Segment Open

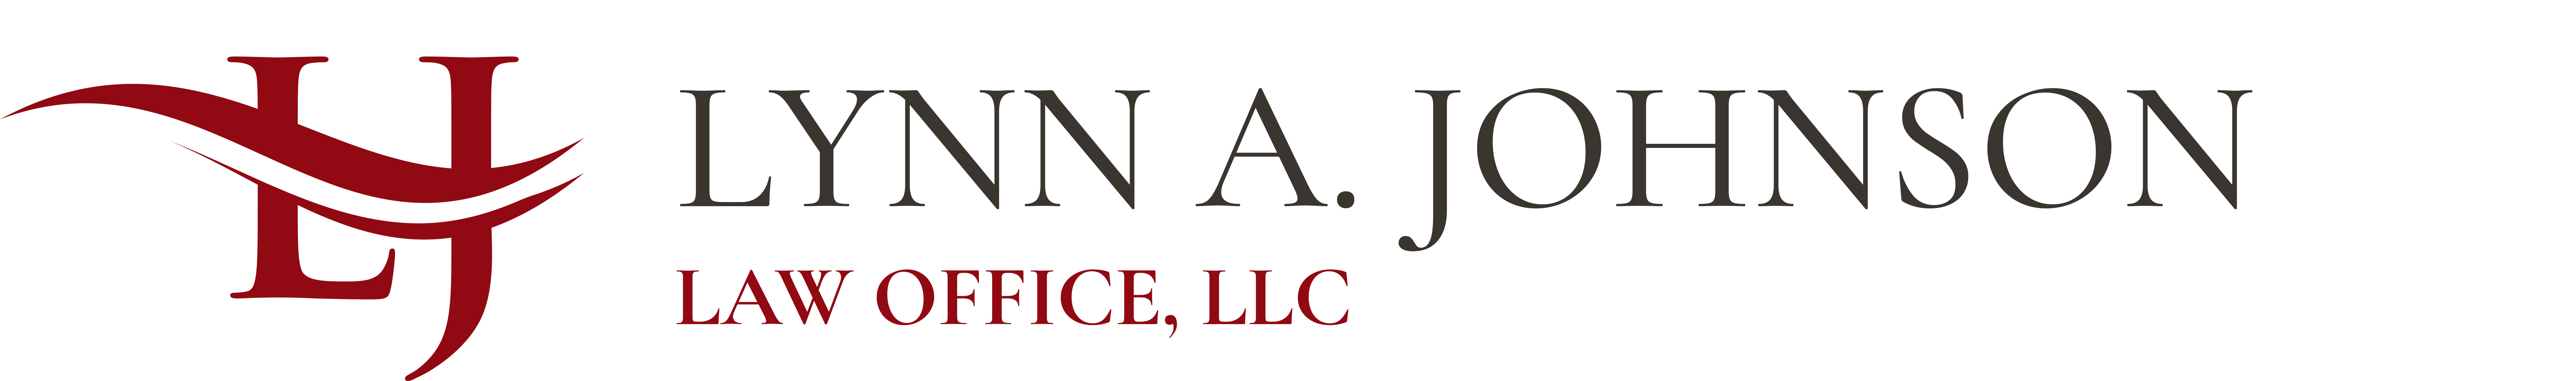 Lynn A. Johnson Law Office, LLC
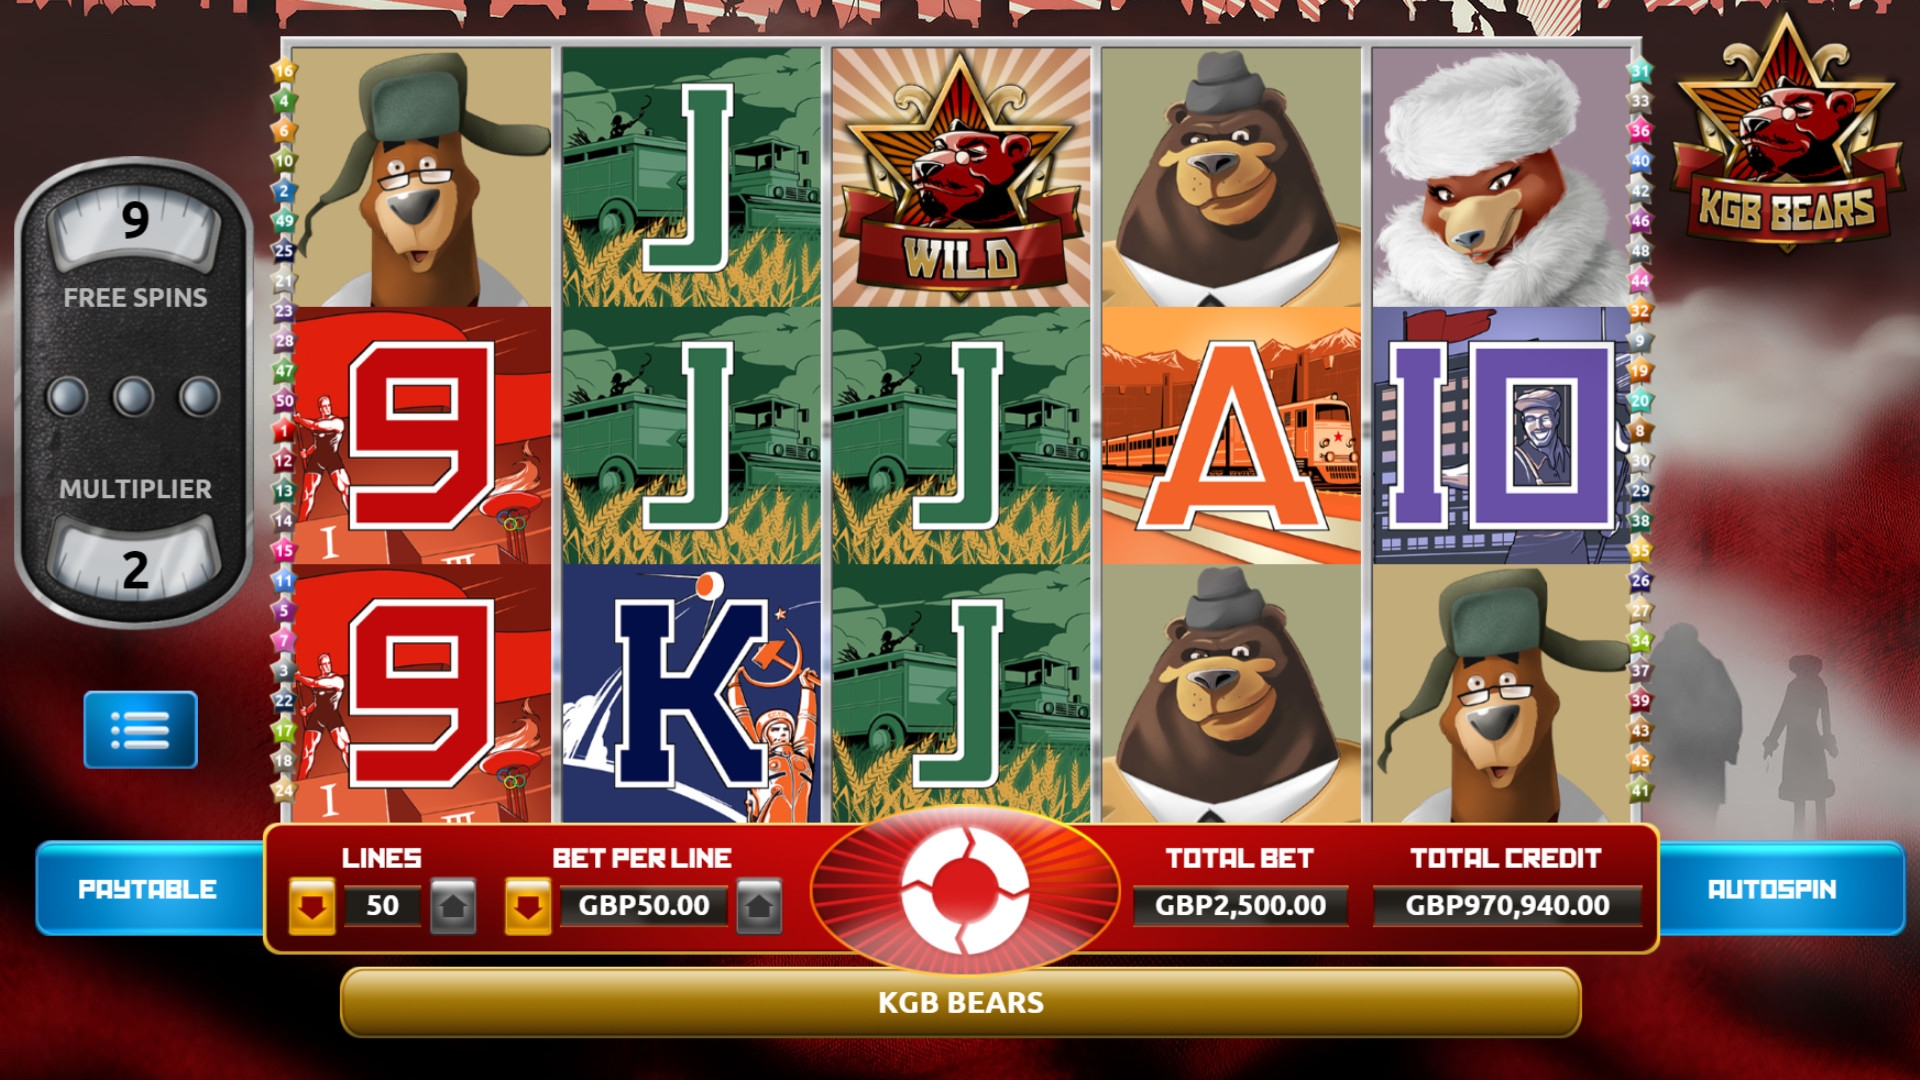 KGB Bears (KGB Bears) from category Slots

Segment Closed
Segment Open

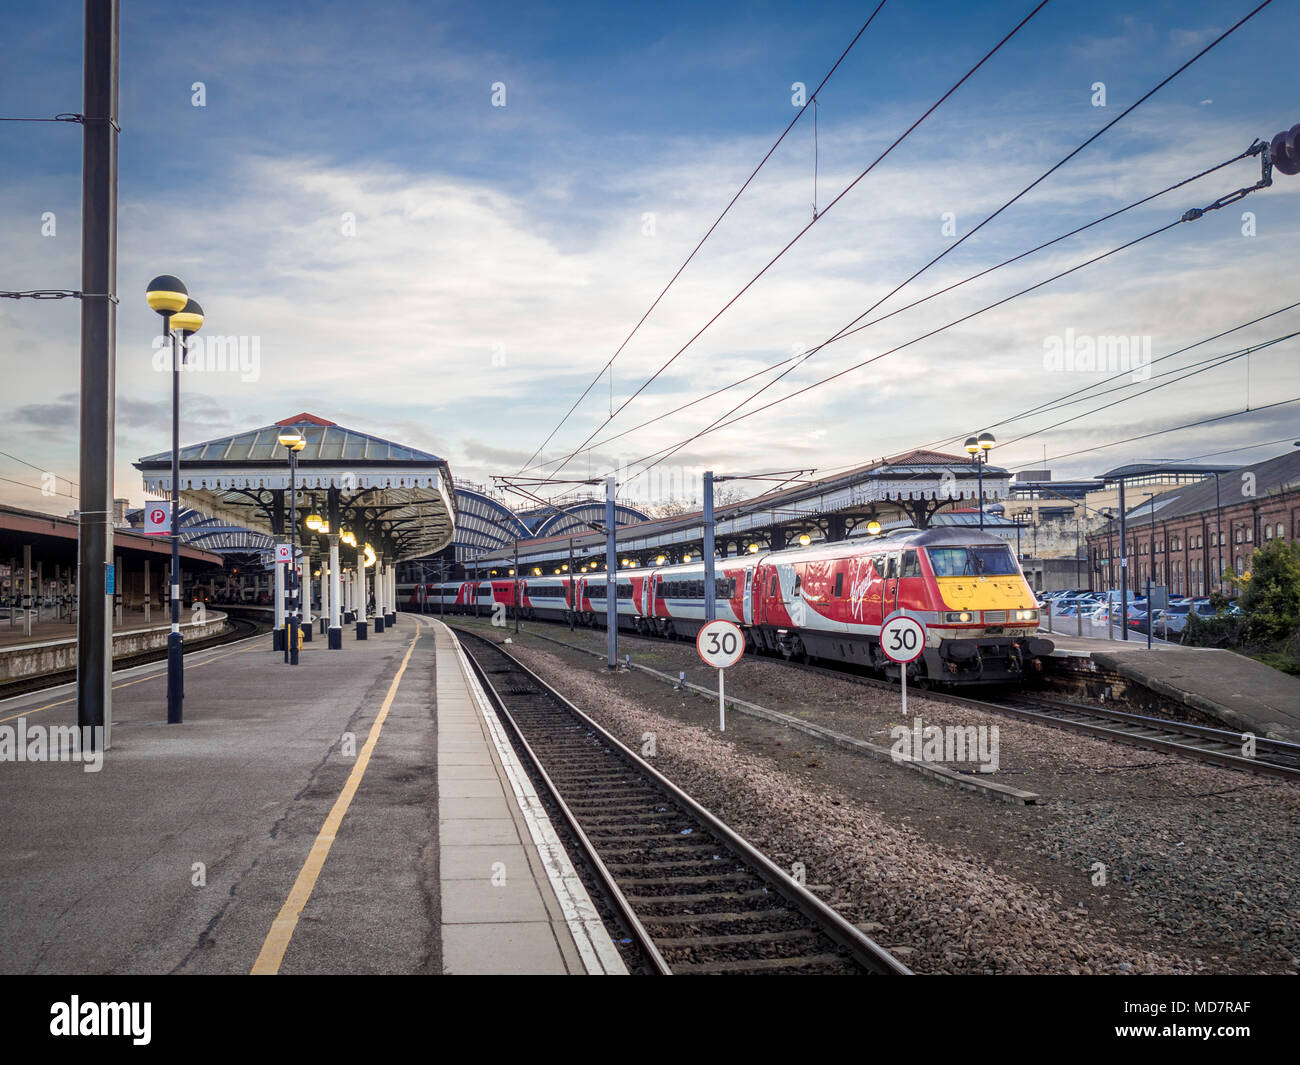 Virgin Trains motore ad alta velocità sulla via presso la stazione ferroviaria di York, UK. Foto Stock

Segment Closed

With the pictures omitted, copy the entries above exactly from the line containing "Lynn A. Johnson Law Office, LLC" through the line containing "KGB Bears (KGB Bears) from category Slots", both lines included.

 Lynn A. Johnson Law Office, LLC
 KGB Bears (KGB Bears) from category Slots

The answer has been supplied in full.